Вернуться к Н.С. Степанов. Сатира Михаила Булгакова в контексте русской сатиры XIX — первой половины XX веков

5.2. Булгаков и Маяковский

Взаимоотношения Булгакова и Маяковского складывались под знаком бескомпромиссного противостояния, скрытого и явного, выраставшего порой до степени конфликта. Причина очевидна — слишком большая разница общественных позиций писателей. Маяковский восторженно приветствовал октябрьскую революцию, безоговорочно ее принял и с 1919 г., с известных «окон РОСТА» «не по службе, а по душе» сотрудничал в различных формах с новой большевистской властью. В соответствии с принятым им правилом «враги ваши — мои враги» он определял объекты сатирических нападок, обличая и высмеивая тех, на кого обрушивались большевистские вожди и идеологи: белогвардейцы, мещане и обыватели, бюрократы, «вредители», зарубежные политические лидеры, эмигранты. Маяковский-сатирик активно участвовал в политических и идеологических кампаниях, проводимых большевистским руководством (чистки партии, внедрение самокритики, борьба с мещанскими явлениями в быту), резко бичевал инакомыслящих, разъяснял партийные и правительственные документы.

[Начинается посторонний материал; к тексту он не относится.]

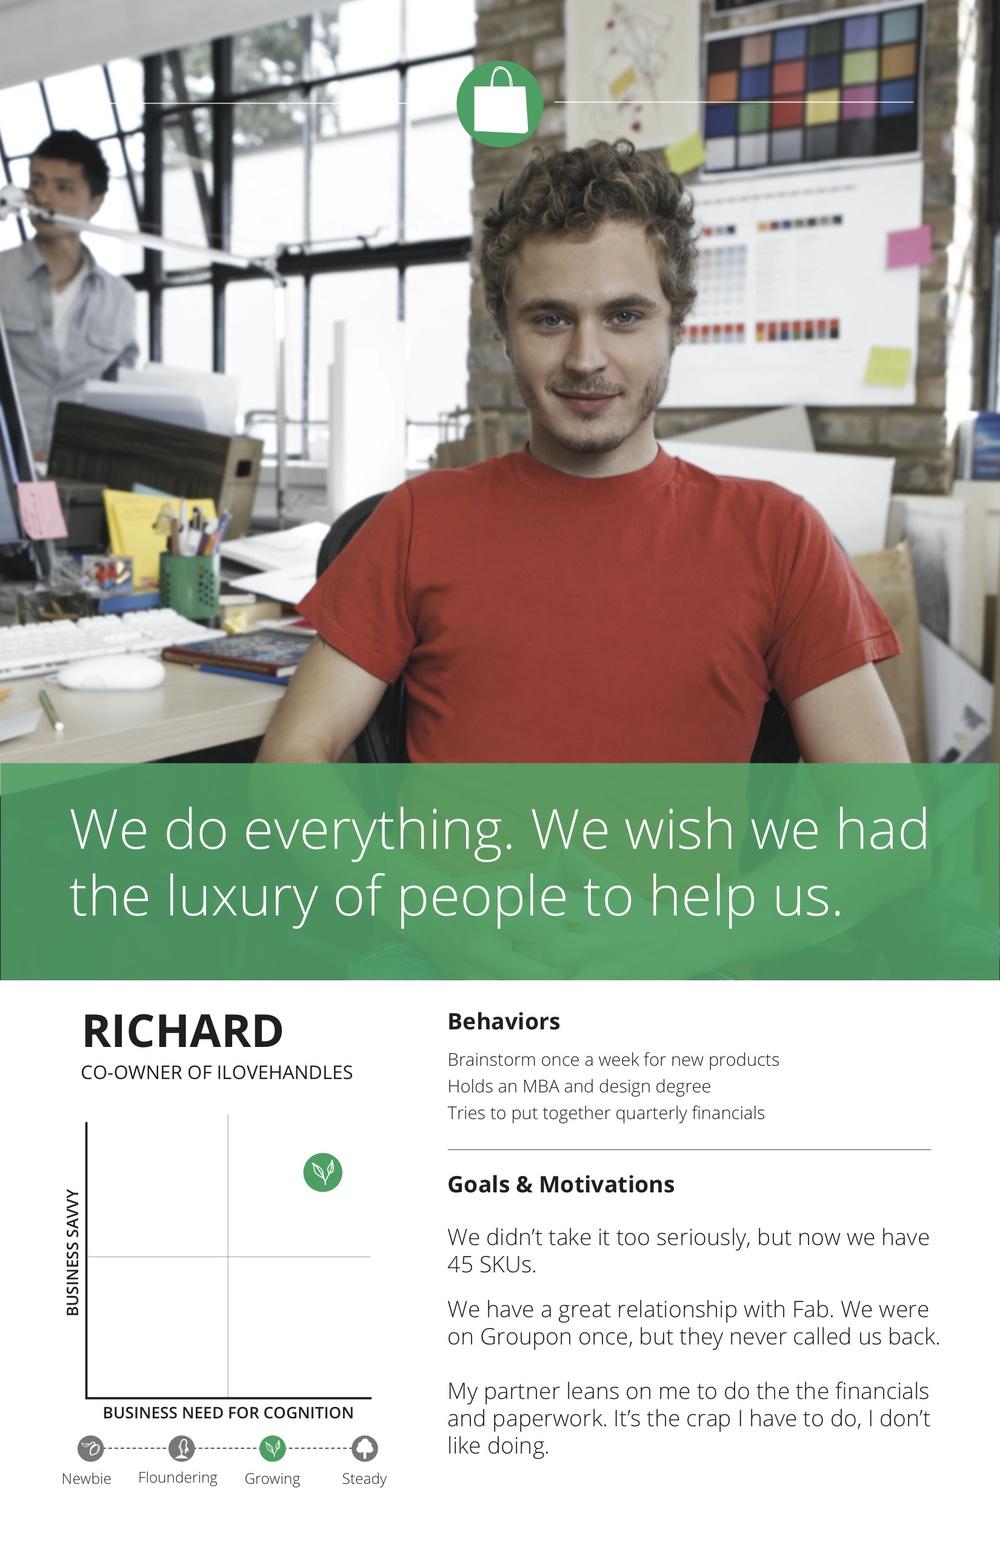 Merchant personas socialilzation poster_Richard.jpg

Булгаков, будучи сторонником «Великой Эволюции», испытывал «глубокий скептицизм в отношении революционного процесса», в котором видел гибельные последствия для страны. Буквально с первых своих публикаций 20-х годов Булгаков становится в конфронтацию с властью, с презрением относясь к тем литераторам, которые ей служили. Поэтому у него сразу сложилось ироническое восприятие творческой деятельности Маяковского. Герой автобиографической повести Булгакова «Записки на манжетах» (1922), приехав в Москву осенью 1921 г., видит на заборе афишу с загадочными словом «Дювлам», что, как выяснилось, означает «Двенадцатилетний юбилей Владимира Маяковского». Несколько шаржированный портрет юбиляра, который представляет себе герой, напоминает портрет Берлиоза из романа «Мастер и Маргарита». Полемика с Маяковским продолжается в повести «Собачье сердце» и в романе «Мастер и Маргарита», о чем уже говорилось в предыдущей главе. Для Булгакова Маяковский всегда оставался официальным поэтом, который преданно служил правящей большевистской партии.

Маяковский после появления пьесы «Дни Турбиных» на сцене МХАТа расценил Булгакова как писателя буржуазной складки, исполнителя социального заказа новой буржуазии. Об этом Маяковский говорил и в выступлениях по вопросу театральной политики, и в стихах:

        На ложу
в окно
      театральных касс
такая ногтем лаковым,
он
  дает
    социальный заказ
на «Дни Турбиных» —
      Булгаковым.

(«Лицо классового врага. / Буржуй — нуво.» 1928)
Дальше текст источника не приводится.